De werkgelegenheidseffecten zijn gemeten in termen van arbeidsplaatsen die ten gevolge van het wetsvoorstel komen te vervallen. Vervolgens heeft Basis&Beleid een inschatting gemaakt van de omvang van de groep werknemers die als gevolg van het wetsvoorstel langdurig werkloos dreigt te worden.
Gedurende het onderzoekstraject zijn de relevante stakeholders in de kolenketen betrokken, onder meer via een begeleidingscommissie waarin de FNV, vertegenwoordigers van de kolencentrales en kolenoverslagbedrijven en onze ministeries hebben plaatsgenomen. Daarnaast heeft Basis&Beleid informatie verkregen uit gesprekken met de meeste betrokken bedrijven.
De werkgelegenheidseffecten hangen sterk samen met de mate waarin centrales zullen ombouwen naar alternatieve brandstoffen. Op basis van onder meer input van de exploitanten van de centrales, hanteert Basis&Beleid drie scenario’s die variëren in de mate waarin centrales ombouwen naar alternatieve brandstoffen. In alle scenario’s is het uitgangspunt dat de Hemwegcentrale per 1 januari 2020 zal sluiten.
Uitkomsten onderzoek
Het totale aantal arbeidsplaatsen bij de kolencentrales bedraagt circa 1.500. Bij de overslagbedrijven en de ondernemingen die betrokken zijn bij de afvoer van restproducten kunnen nog eens 185 arbeidsplaatsen worden toegeschreven aan de productie in de Nederlandse kolencentrales.
De werkgelegenheidseffecten in de kolenketen zijn lastig precies te voorspellen en zijn omgeven met onzekerheden. De werkgelegenheidseffecten in de kolenketen hangen sterk samen met de mate waarin centrales zullen ombouwen naar alternatieve brandstoffen. Bovendien is geen volledig inzicht verkregen in het aantal arbeidsplaatsen bij bepaalde ondernemingen. Daardoor kunnen de daadwerkelijke effecten anders zijn.

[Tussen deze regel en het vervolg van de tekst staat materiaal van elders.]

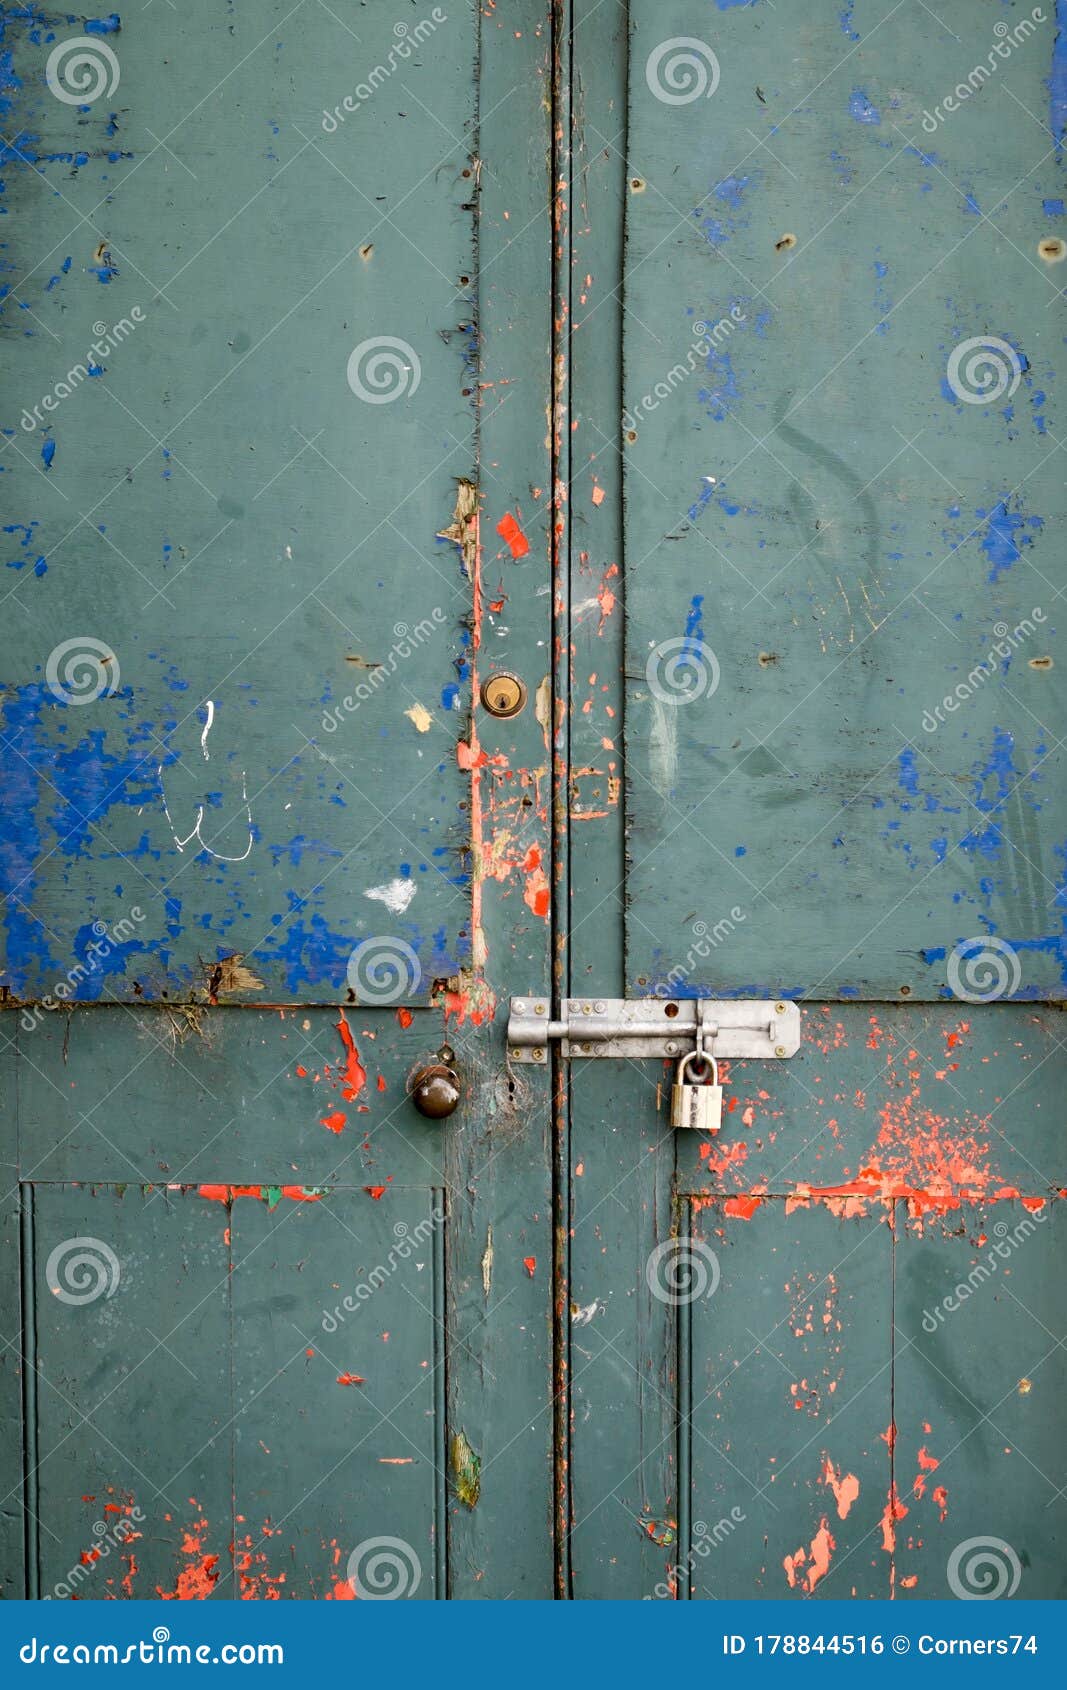 Paint Flaking Off a Disused Locked Up Door with Padlock and Grungey ...

Op basis van het onderzoek van Basis&Beleid is de verwachting dat, afhankelijk van het gekozen scenario ten aanzien van ombouw, het verlies aan arbeidsplaatsen in de gehele kolenketen in 2030 als gevolg van het wetsvoorstel ligt tussen de 370 en 1.005. Van dit verlies aan arbeidsplaatsen gaat het om 250–830 bij de kolencentrales, 30–85 bij de kolenoverslag en 90 bij de ondernemingen die betrokken zijn bij de afvoer van restproducten.

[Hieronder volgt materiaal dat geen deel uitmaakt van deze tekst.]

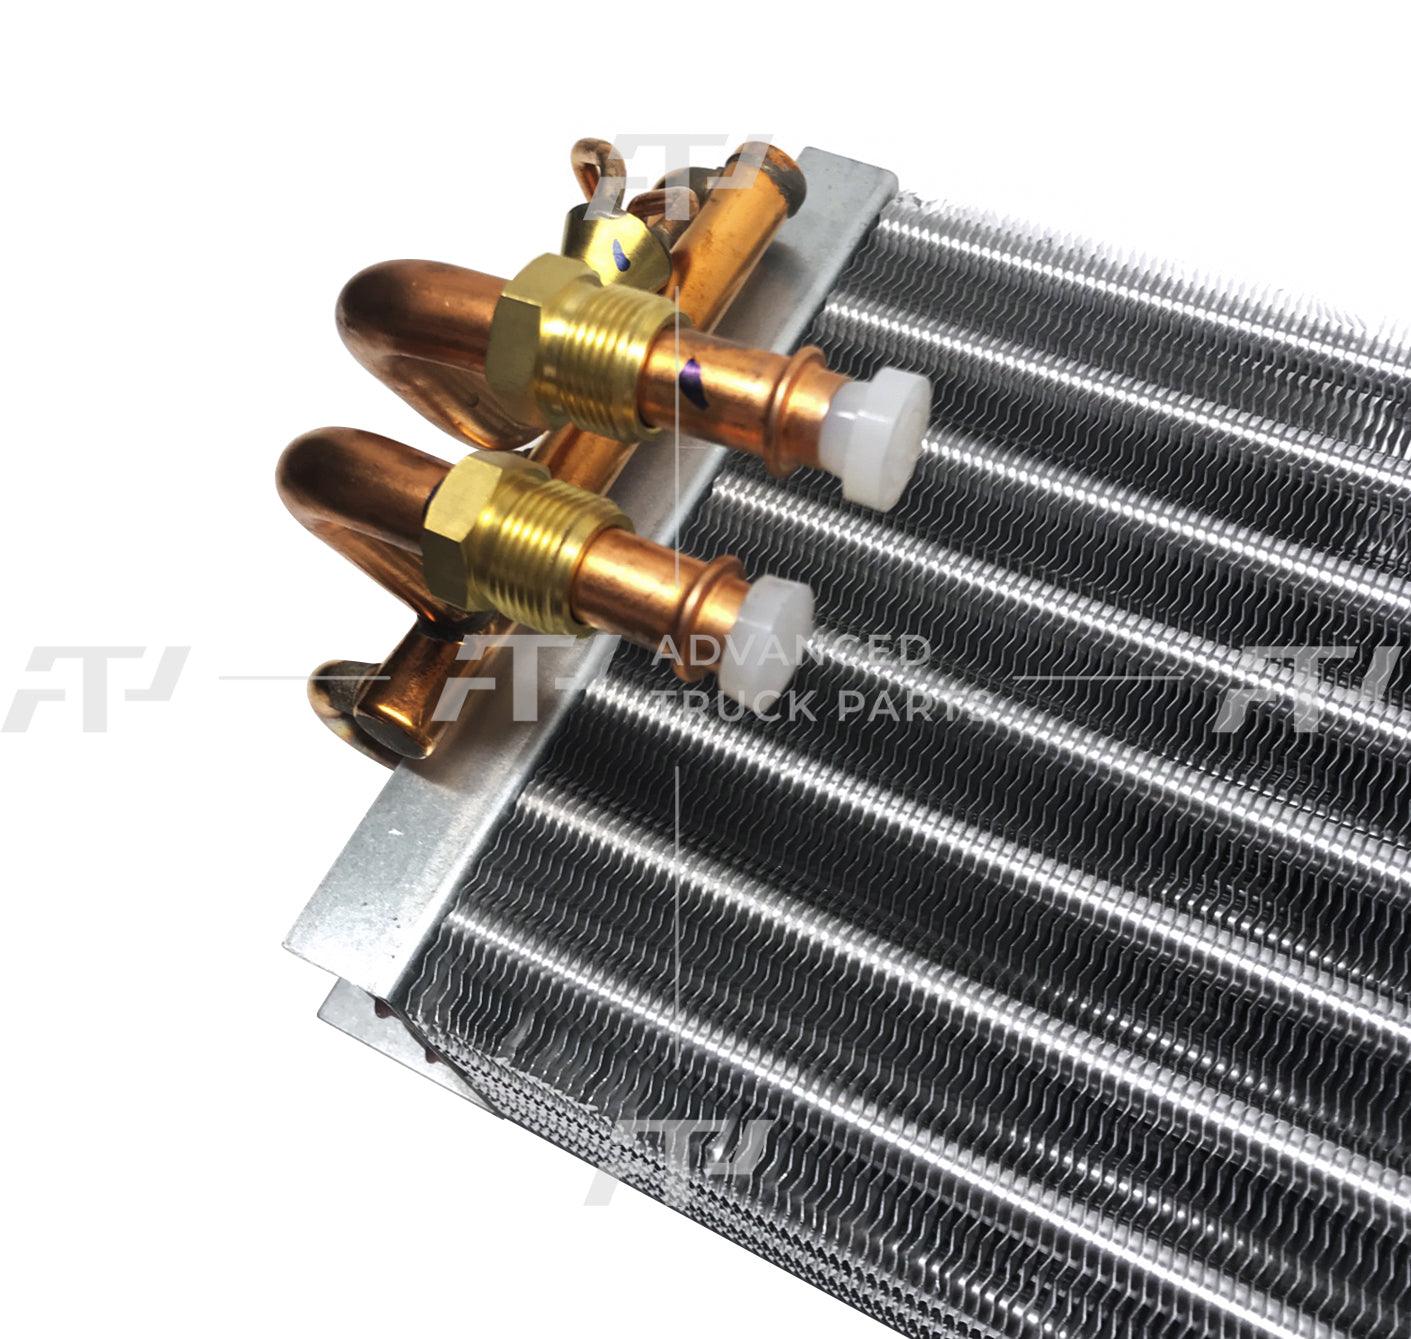 Sr2000012 Genuine Paccar® Evaporator Air Conditioner A/C For Kenworth - ADVANCED TRUCK PARTS

Mocht het zo zijn dat geen enkele kolencentrale succesvol omgebouwd wordt voor de stook met andere brandstoffen, dan zal het werkgelegenheidsverlies in de keten een stuk groter zijn (circa 1.700). Als gevolg van de sluiting van de Hemwegcentrale gaat het op korte termijn om een verlies van circa 280 arbeidsplaatsen.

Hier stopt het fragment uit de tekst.